Copy the data that follows exactly. Include no pictures.

Information provided
::::::::

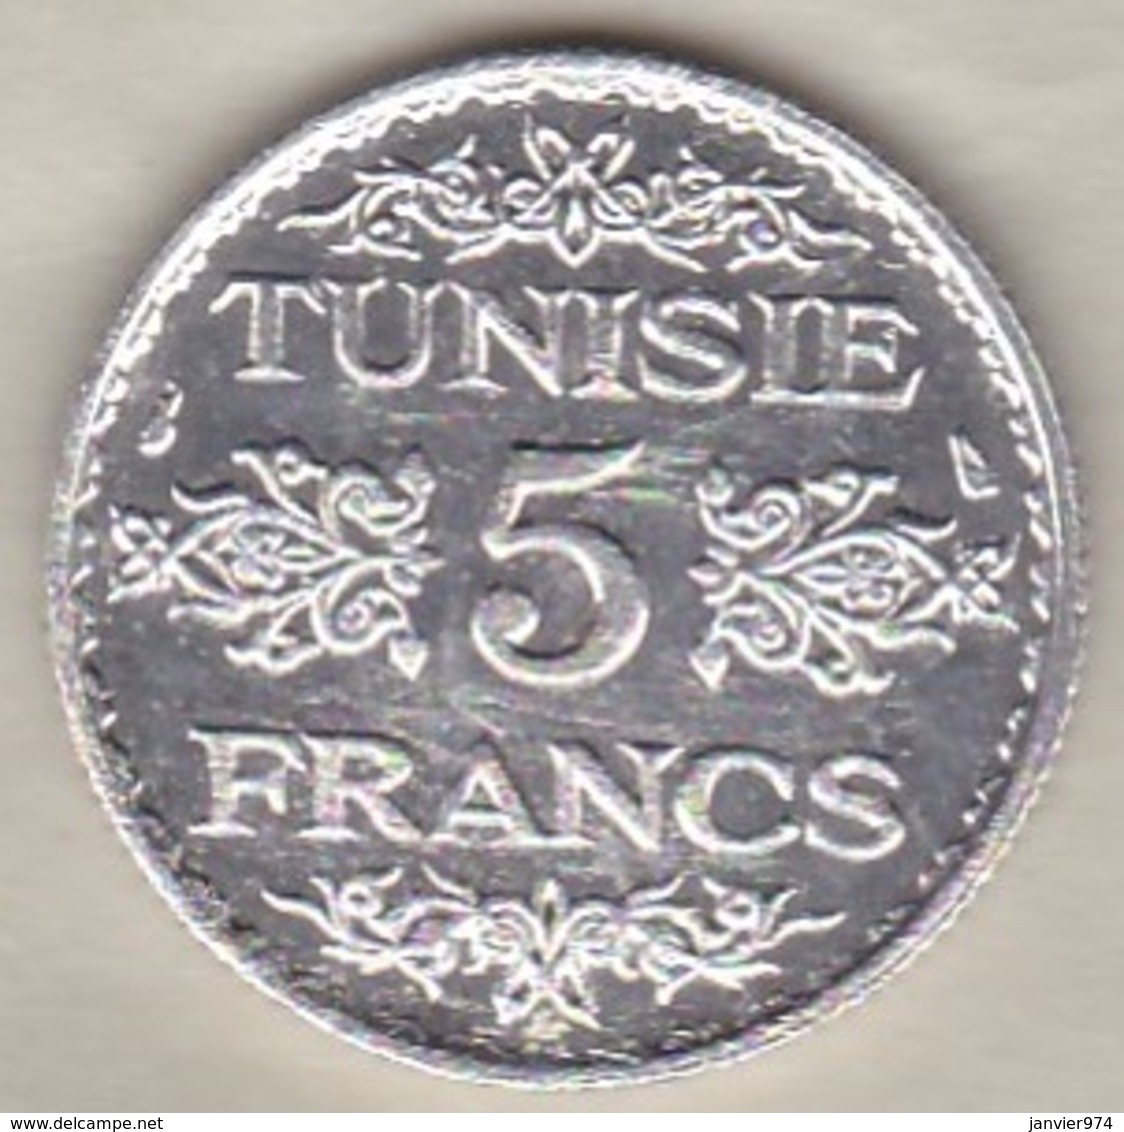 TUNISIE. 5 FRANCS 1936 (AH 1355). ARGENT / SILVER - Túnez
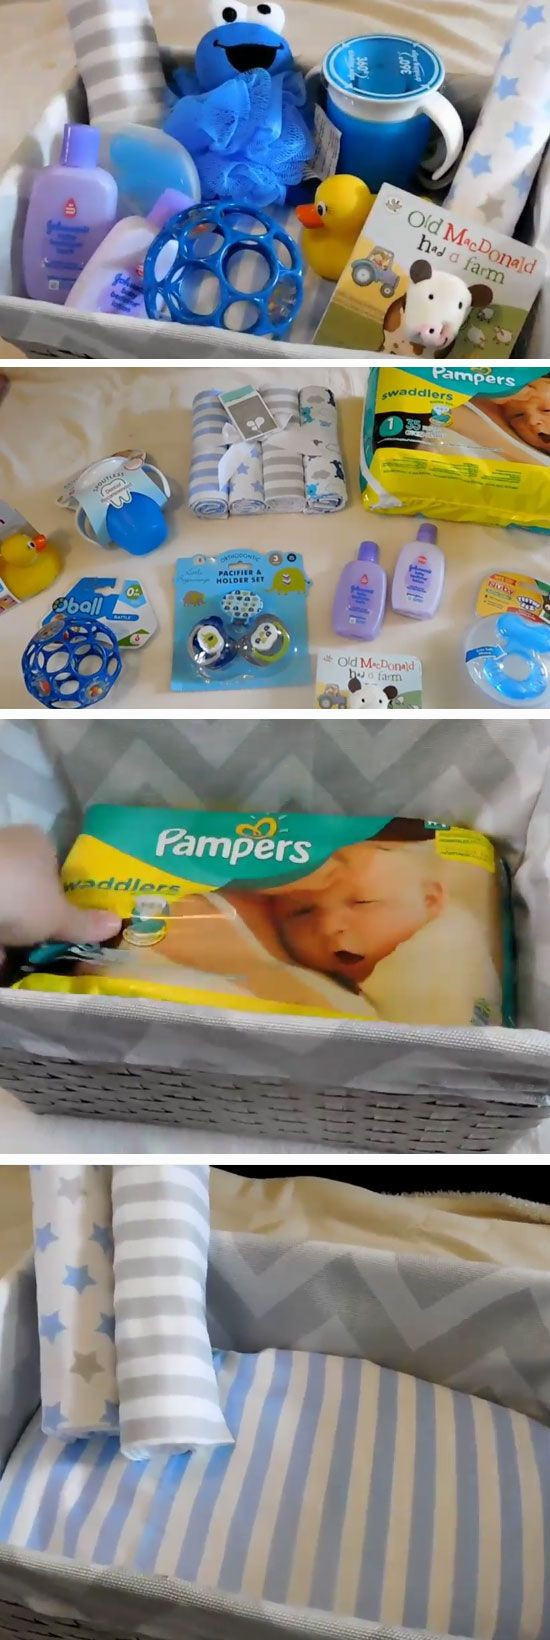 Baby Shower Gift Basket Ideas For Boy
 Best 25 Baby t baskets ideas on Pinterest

::::::::

Written solution
 TUNISIE. 5 FRANCS 1936 (AH 1355). ARGENT / SILVER - Túnez
 Baby Shower Gift Basket Ideas For Boy
 Best 25 Baby t baskets ideas on Pinterest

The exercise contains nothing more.